Когда я вернулся, дядя Ник сидел в маленькой гостиной, склонившись над чертежами.
— Где ты был? — осведомился он, подозрительно взглянув на меня.
Я чуть было не ответил, что это его не касается.
— Ходил гулять. Один. Захотелось подышать воздухом.
— Сними-ка пальто и присядь на минутку, малыш. Здесь ужинают в восемь. Кстати, ужин за мой счет, а за ночлег и завтрак будешь платить сам. Сегодня вечером я ухожу. Вместе с Бимишем. Тут есть некий сэр Алек Инверури, крупный держатель акций нескольких мюзик-холльных синдикатов. Я познакомился с ним в Лондоне, так же, как и Бимиш. Он позвонил и пригласил нас ужинать. Без женщин, конечно, потому что там будет его жена, и сэр Алек вообще человек респектабельный, во всяком случае, здесь, в Абердине. В Лондоне он сам себе хозяин и куда менее щепетилен. Я хотел бы, чтобы ты поужинал вместе с Сисси. Она не очень-то любит оставаться за бортом. Как тебе быть с мисс Блейн, я не знаю и знать не хочу.
— А что мне сказать? Думаю, мисс Блейн тоже не понравится, что ее не позвали…

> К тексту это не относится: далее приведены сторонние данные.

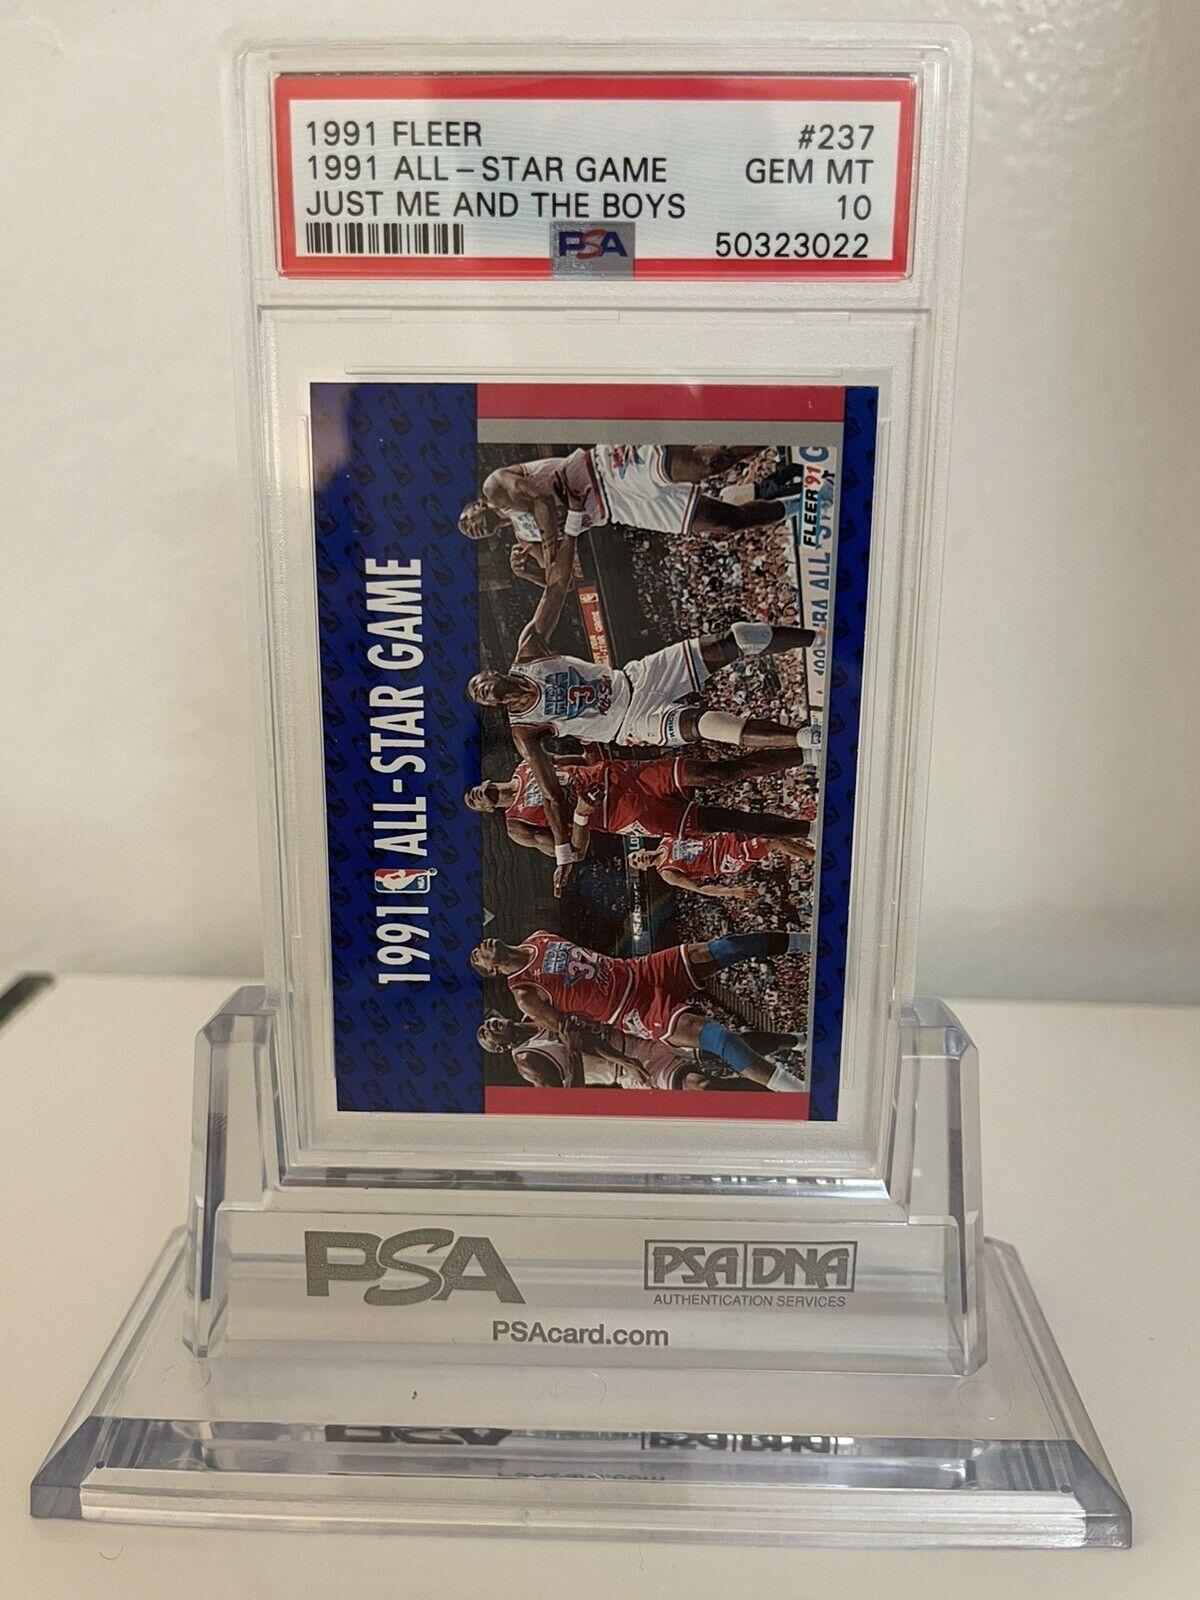 Valuable david robinson basketball cards

— Не понравится? Ничего, стерпит, как и Сисси, — возразил он с грубым смехом. — Я тебе вот что скажу насчет женщин, малыш. Им только палец дай, так они отхватят всю руку, да еще станут плакать, дуться и браниться, что ты не подносишь им луну на блюдечке. Единственный способ их урезонить — не жениться на них. Это я давно понял. И Томми Бимиш — тоже, как он ни глуп.
— Он меня, кажется, не очень жалует.
— А черта ли тебе в том? Ты рассуждаешь, как слюнявая девчонка. В жизни надо быть пожестче. Что было в поезде? Говорил с кем-нибудь?

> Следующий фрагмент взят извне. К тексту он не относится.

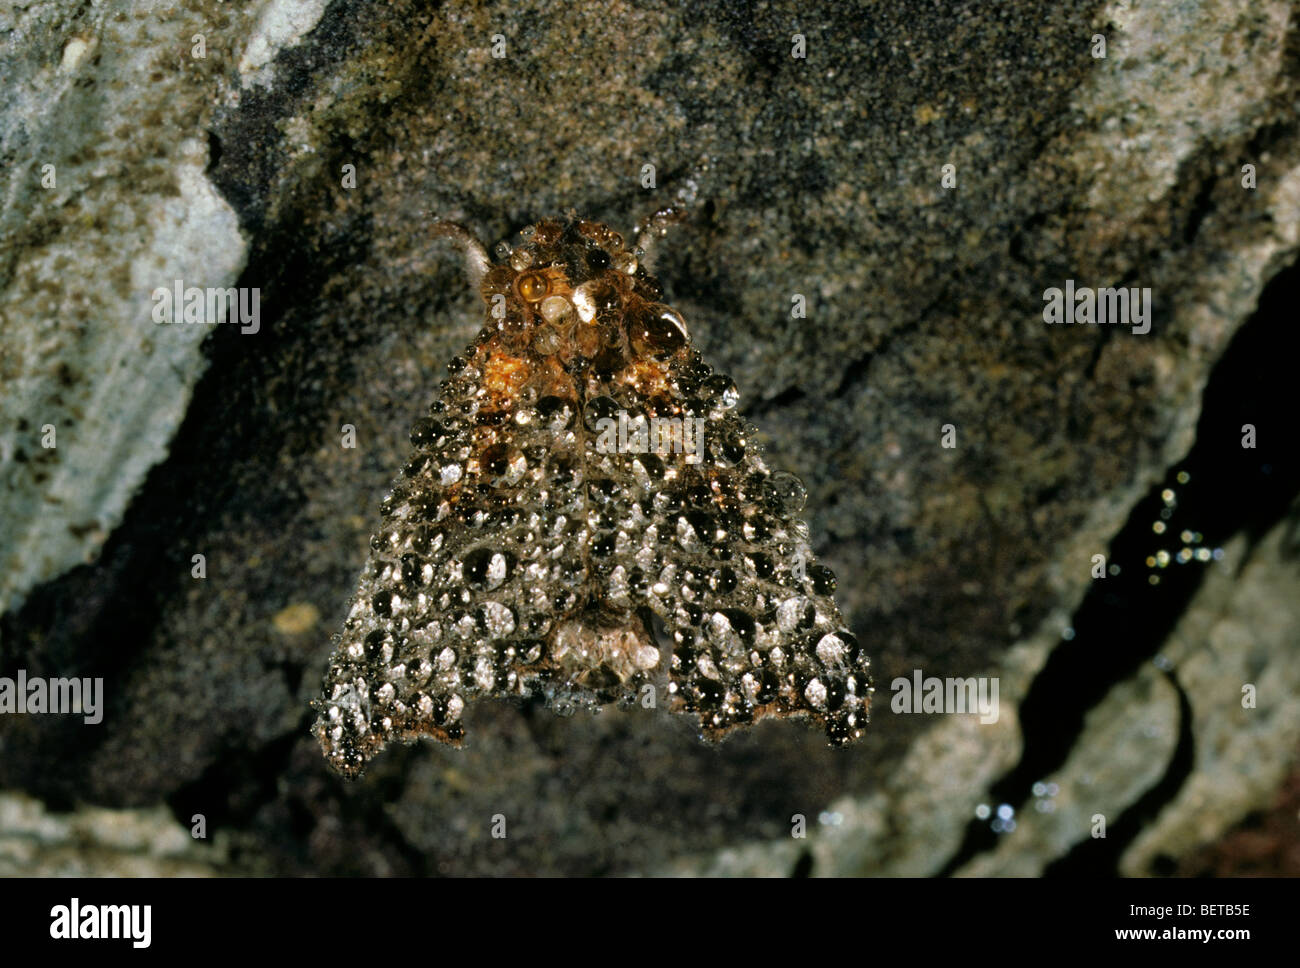 Hibernating herald moth (Scoliopteryx libatrix) covered in dew, Europe - Stock Image

Большей частью с Рикарло. Мы с ним сошлись.
— Он человек правильный… поменьше бы только бегал за бабами. Занят своим делом. Отличный у него номер — и не лезет в чужие дела. Если бы я составлял свою программу, то из всей этой шайки взял бы его одного. Бимиш, конечно, остер и привлекает публику, но уж очень ненадежен. Он еще свернет себе шею. А эти песенки с танцами — Сьюзи и компания — такие миленькие, тонные и дурацкие, вообще не для варьете. И не нужны они в программе. Кольмары еще куда ни шло, но им позарез нужна другая девица, которая не будет обниматься с кем попало. Что до этого подонка, Баррарда, его надо гнать без промедления. Я уже дважды жаловался. Из-за него зрители бегут в буфет и возвращаются в середине моего номера. Нет, я бы взял одного Рикарло и плюнул бы на всех остальных. Ну ладно, дружище. Смотри, будь внизу не позже восьми. Да не забудь, что завтра у нас длинный день. Днем начинаем репетировать трюк с велосипедом. Да, и напомни режиссеру, что я еще на прошлой неделе написал ему и просил на весь день закрепить за мной сцену.
Когда я снова спустился в гостиную около восьми вечера, то, к своему удивлению, обнаружил, что Джули явилась еще раньше, чем Сисси. Она была сильно не в духе.
— Здесь совершенно некуда деться, и Томми это отлично знает, черт его побери! — начала она. — Изволь теперь сидеть в одиночестве — терпеть этого не могу! — или в обществе вашем и этой потаскушки…
— По-моему, вы несправедливы к Сисси…
— Может быть, она не такова, но выглядит именно так. И вообще Томми не имел права уходить. Я просто вне себя.
— За чаем казалось, что он вам страшно надоел.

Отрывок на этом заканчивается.